Casey’s reputation for action was established in the early years of his priesthood. He tackled poverty and homelessness in inner-city parishes in Limerick and later in England. Footage from RTE’s archives shows the young priest in Slough in southeast England working to provide assistance to immigrant Irish families in need. In 1965, he raised money to prevent a young family being evicted from their apartment. Such incidents prompted Casey to set up a loan scheme for Irish immigrants in need of housing. He was also the inspiration behind Shelter, a British organisation that helps the homeless, and he established Trocaire, a Third World charity.
At the age of 42, Casey was appointed bishop of Kerry; seven years later he was transferred to Galway. He used his prominent position to lend support to political and social movements, including taking the side of Dunnes Stores’ staff when they refused to sell fruit from apartheid South Africa.

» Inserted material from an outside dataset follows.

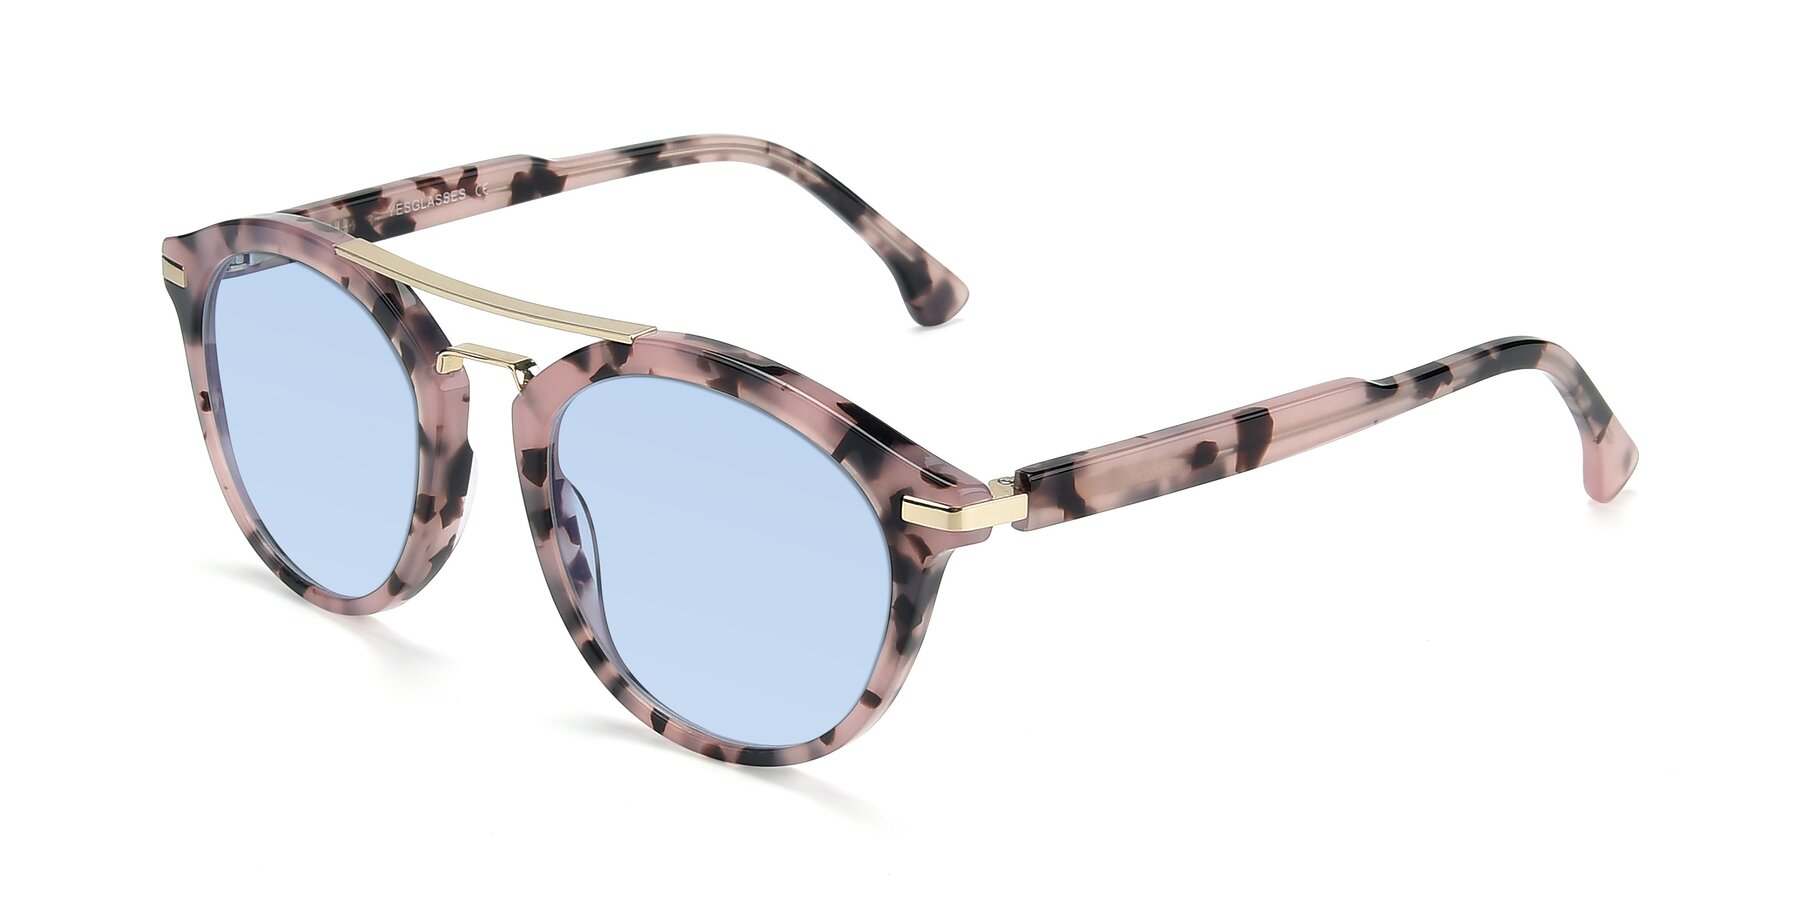 Angle of 17236 in Havana Floral-Gold with Light Blue Tinted Lenses
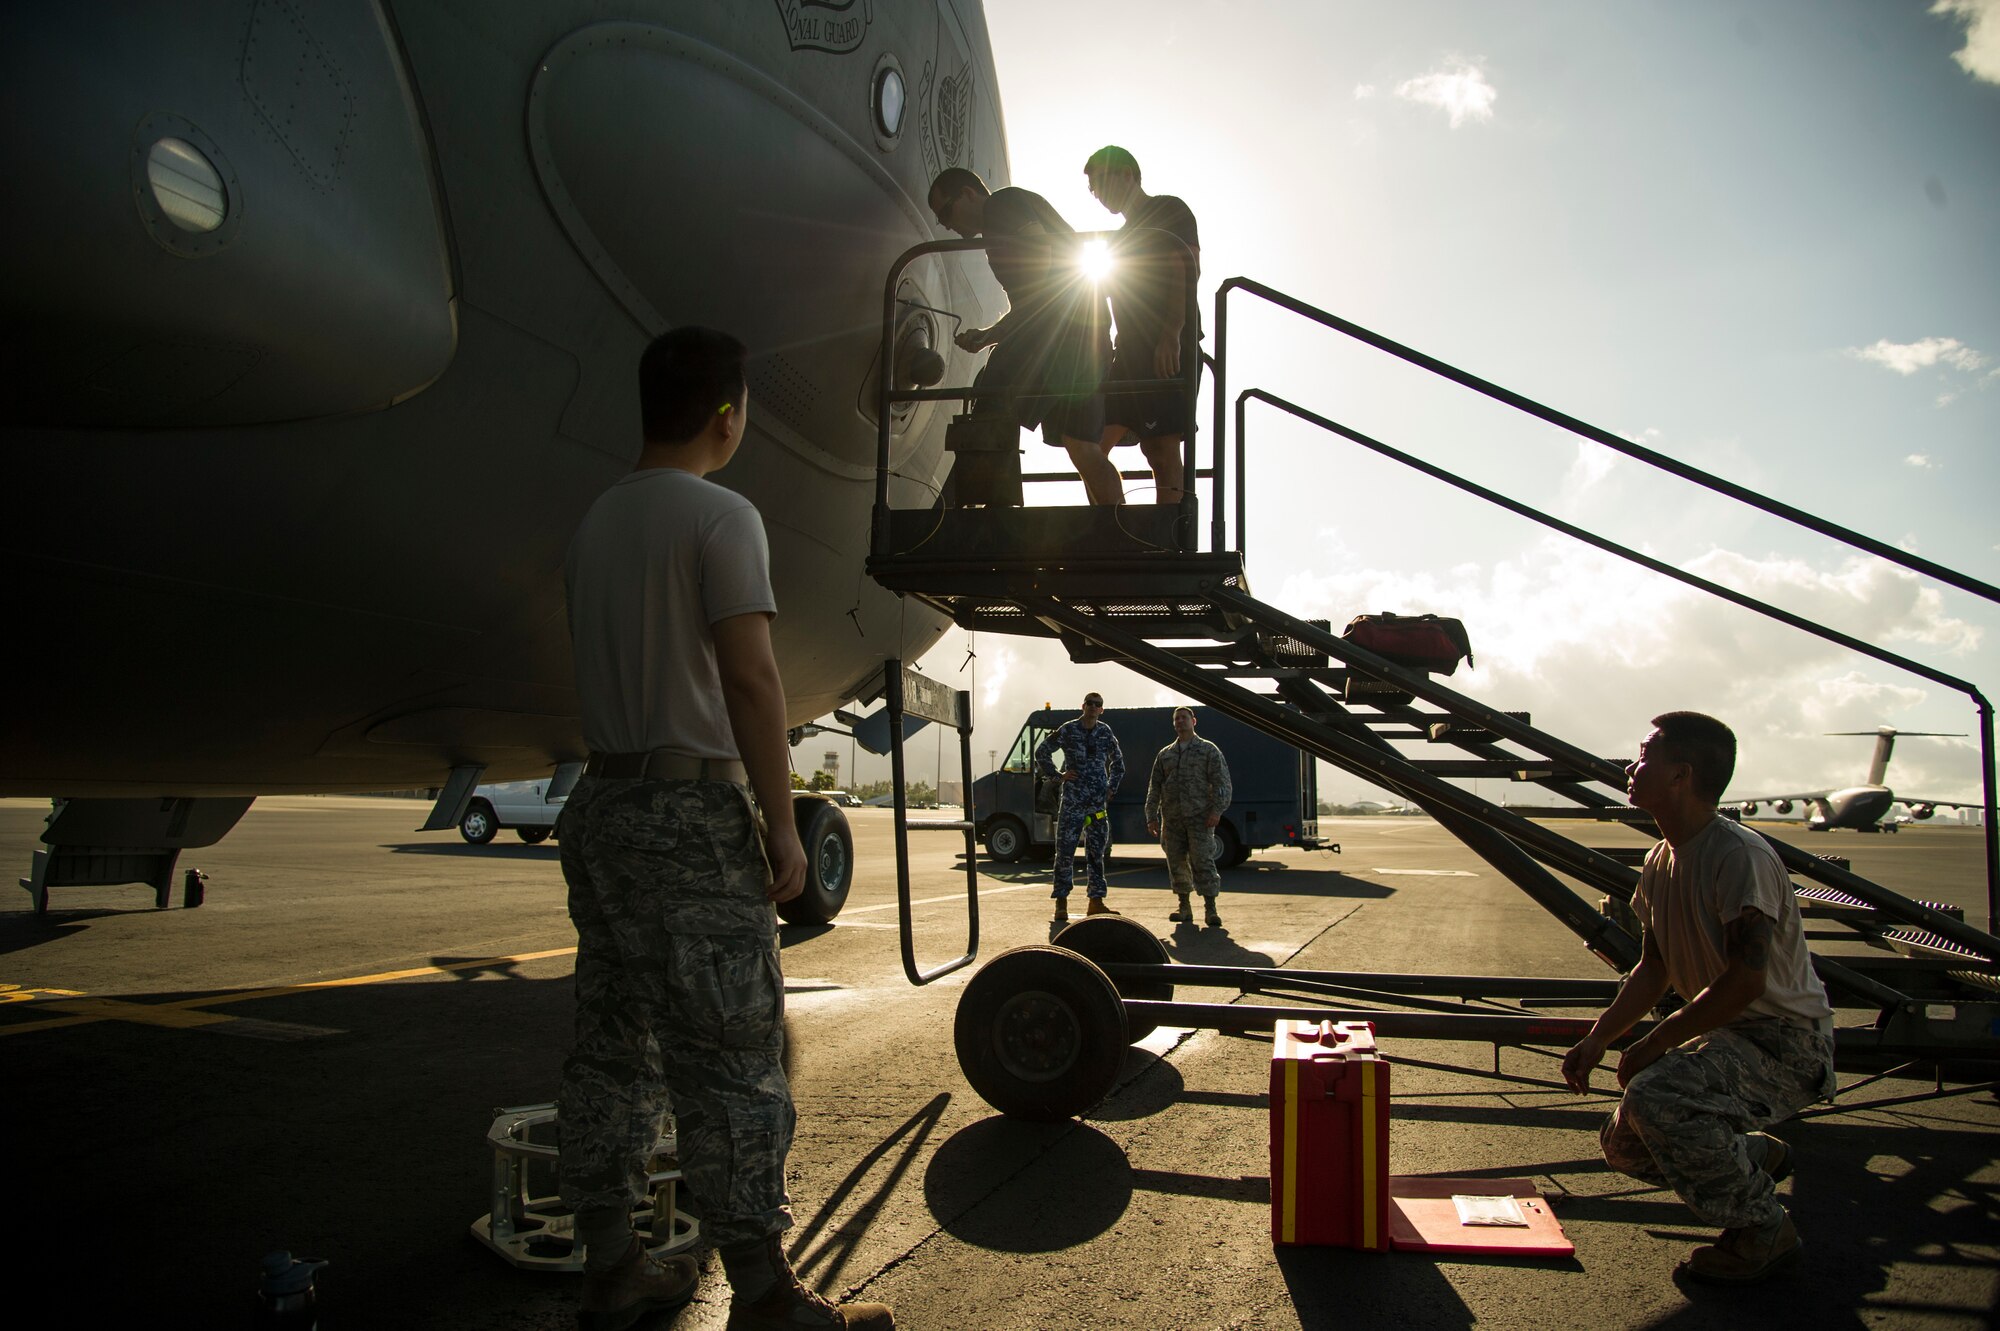 Maintainers from the 15th Maintenance Group and members from the 36th Squadron from Royal Australian Air Force Base Amberley, perform maintenance on a C-17 Globemaster on Joint Base Pearl Harbor-Hickam, Hawaii, July 12, 2017.

In 1980, he witnessed the massacre at the funeral of Archbishop Oscar Romero, assassinated by El Salvador’s military regime. He made his outrage known, lobbying the United Nations, the White House and international governments. During Ronald Reagan’s visit to Ireland in 1984, Casey snubbed the US president in protest at America’s supply of military aid to the Salvadorean army. The maverick was becoming increasingly irreverent.